The book seems well-founded on solid research, although some errors have insidiously crept in. These include: a statement that the Wide Awakes was one of the “many Republican marching and support clubs founded during the 1856 campaign”, that Robert Todd Lincoln was given the nickname “Prince of Rails” during the pre-inaugural visit to Indianapolis in February 1861 (Abraham Lincoln was proclaimed the “Prince of Rails” during the campaign of 1860, inspired by the visit that year of the Prince of Wales), and that Robert Anderson of Fort Sumter fame was a colonel, rather than a major in the army. Minor stuff, we must admit. There are also some descriptions of political ephemera that we find totally intriguing. These include: a printed invitation to an 1839 Springfield cotillion with an American eagle and a list of managers that encompasses Lincoln, Ninian Edwards, Jr., James Shields, Joshua Speed and Stephen Douglas, PLUS a similar piece for a February 22, 1849 George Washington “Birth Night Ball” in the nation’s capital with Lincoln and Douglas listed as Illinois managers in the event organized to raise funds for the Washington monument. Do these things actually still exist, or have they been “extrapolated” by the author based on period accounts? Something else to look for … the collecting passion burns!!

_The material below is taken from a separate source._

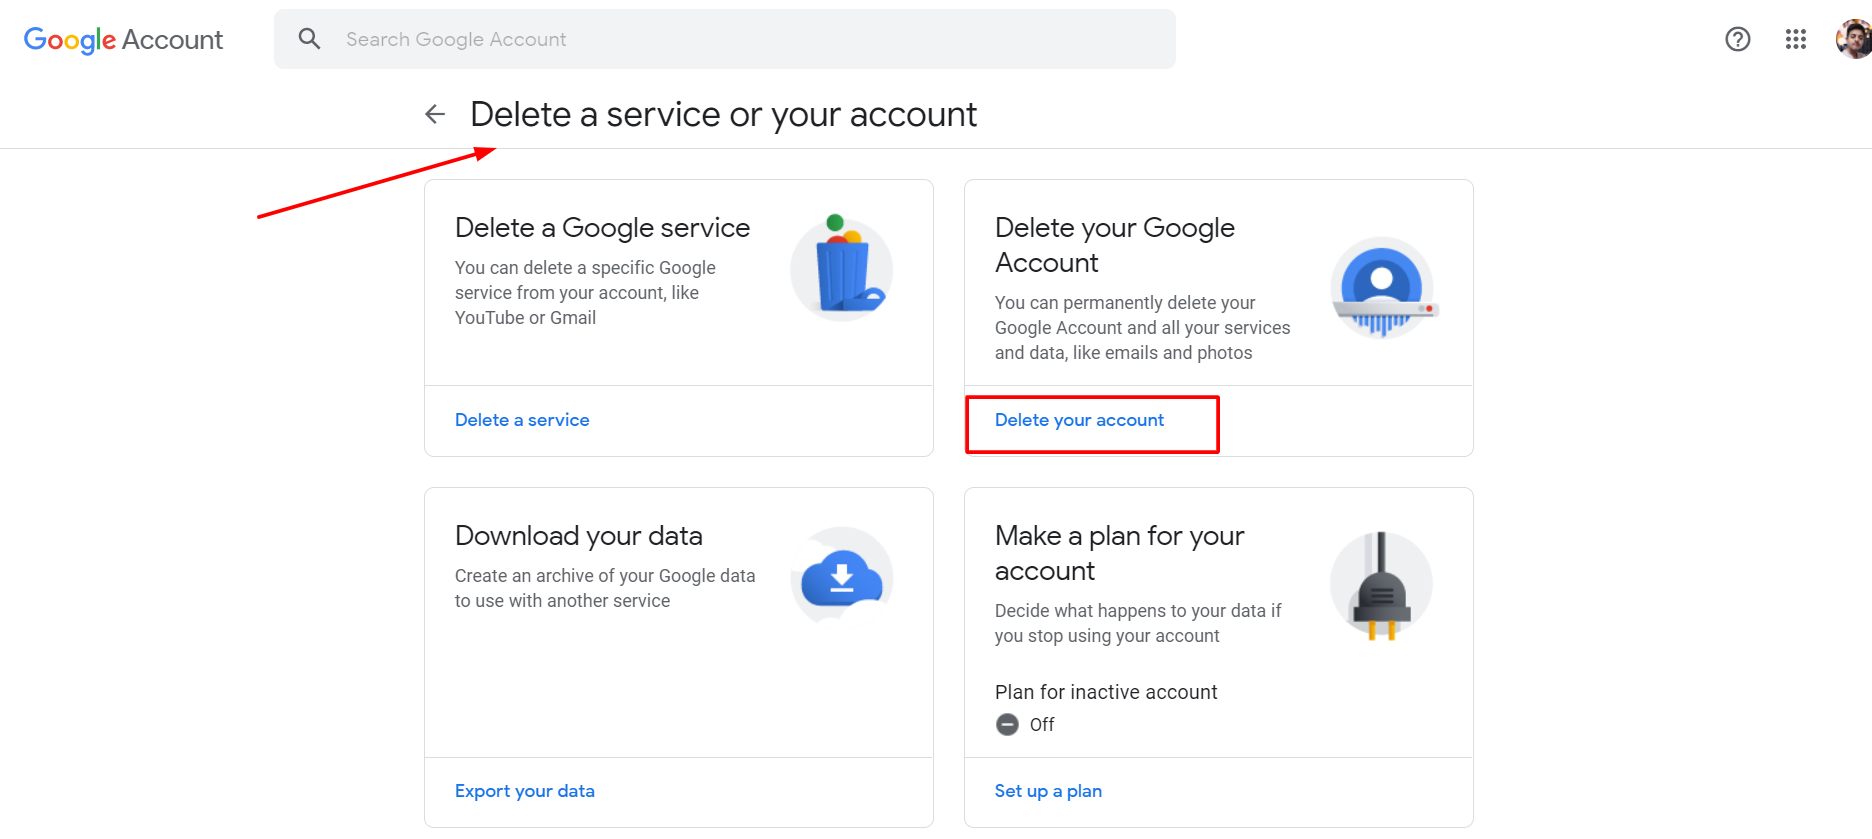 Google account - Delete your account

We find fault with the work in two areas only. There is a tendency to constantly describe the clothing and hairstyles of Mary Lincoln, as no doubt reported by eyewitnesses. Anyone not familiar with couture and hair styling terminology may find it hard to visualize. The repetition becomes irritating. Secondly, the author, in the final chapter of the book dealing with the night of the assassination, abandons his earlier writing style and instead switches to the present tense and a “rapid fire” staccato of brief, unadorned sentences. The shift is jarring and one gets the impression that the final chapter was rushed through to completion. On the whole, though, we can heartily endorse this newest entrant in the panoply of Lincoln tomes.